Vertices are specific points on an ellipse that indicate the farthest reaches of the ellipse along its major axis. These are important because they help define the shape and size of the ellipse.
When an ellipse is positioned with its center at the origin of a coordinate system, its vertices can be easily found. For the ellipse with the equation \( \frac{x^2}{a^2} + \frac{y^2}{b^2} = 1 \), the vertices are located along the major axis.

• If the major axis is horizontal: Vertices are at \((\pm a, 0)\).
• If the major axis is vertical: Vertices are at \((0, \pm a)\).

In our example, the given equation \( x^2 + 4y^2 = 1 \) can be transformed into the standard form \( \frac{x^2}{1} + \frac{y^2}{\frac{1}{4}} = 1 \). Thus, \( a^2 = 1 \), which means \( a = 1 \).

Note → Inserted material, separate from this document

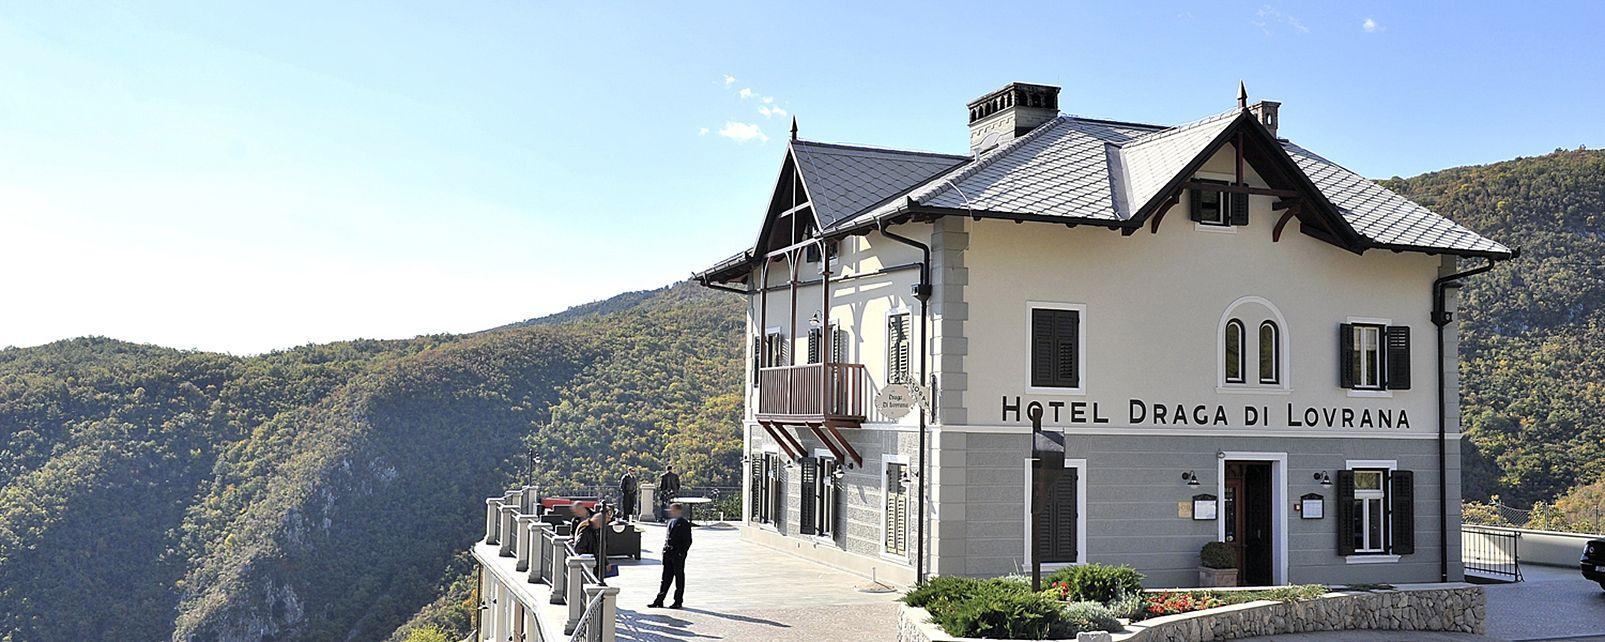 Hôtel Draga Di Lovrana

Because \( a > b \), the major axis is horizontal, and the vertices are at \((1, 0)\) and \((-1, 0)\).

The foci (plural of focus) of an ellipse are two crucial points inside the ellipse through which the sum of the distances to any point on the ellipse is constant. These points help to define the ellipse’s elongated shape.
To find the foci, we use the relationship \( c^2 = a^2 - b^2 \), where \( c \) is the distance from the center to each focus.
Let's find the foci for the ellipse given by \( x^2 + 4y^2 = 1 \). With \( a^2 = 1 \) and \( b^2 = \frac{1}{4} \), we calculate:

• \( c^2 = 1 - \frac{1}{4} = \frac{3}{4} \)
• \( c = \frac{\sqrt{3}}{2} \)

Since the major axis is horizontal, the foci are positioned along the x-axis at \((\pm \frac{\sqrt{3}}{2}, 0)\).
This means you locate one focus to the right of the center and one to the left, equal in distance.

Eccentricity is a measure that describes how "stretched" an ellipse is around its foci. It gives an indication of the deviation of the ellipse from being a perfect circle.
The formula for eccentricity \( e \) of an ellipse is \( e = \frac{c}{a} \). Here, \( c \) is the distance from the center to a focus, and \( a \) is the semi-major axis.

• When the eccentricity \( e = 0 \): The ellipse is a circle.
• When \( 0 < e < 1 \): The ellipse is more stretched out.

For the ellipse \( x^2 + 4y^2 = 1 \), we have already found \( c = \frac{\sqrt{3}}{2} \) and \( a = 1 \). Thus, the eccentricity is:\[ e = \frac{\sqrt{3}}{2} \]This eccentricity tells us that our ellipse is elongated along the horizontal direction but is not extremely stretched. It lies between a circle and a parabola, showing its unique shape.

The major and minor axes are lines through the center of an ellipse. They correspond to its longest and shortest diameters, respectively.
In the context of the ellipse formula \( \frac{x^2}{a^2} + \frac{y^2}{b^2} = 1 \):

• The **major axis** has a length of \( 2a \). It is the longest diameter from vertex to vertex.
• The **minor axis** spans \( 2b \). It's the shortest distance across the ellipse.

For our example with the equation \( x^2 + 4y^2 = 1 \), we determined that \( a = 1 \) and \( b = \frac{1}{2} \). Hence, the lengths are:

• Major axis length: \( 2 \times 1 = 2 \)
• Minor axis length: \( 2 \times \frac{1}{2} = 1 \)

This means the ellipse is twice as long in its major axis direction, giving it a more "stretched" appearance horizontally.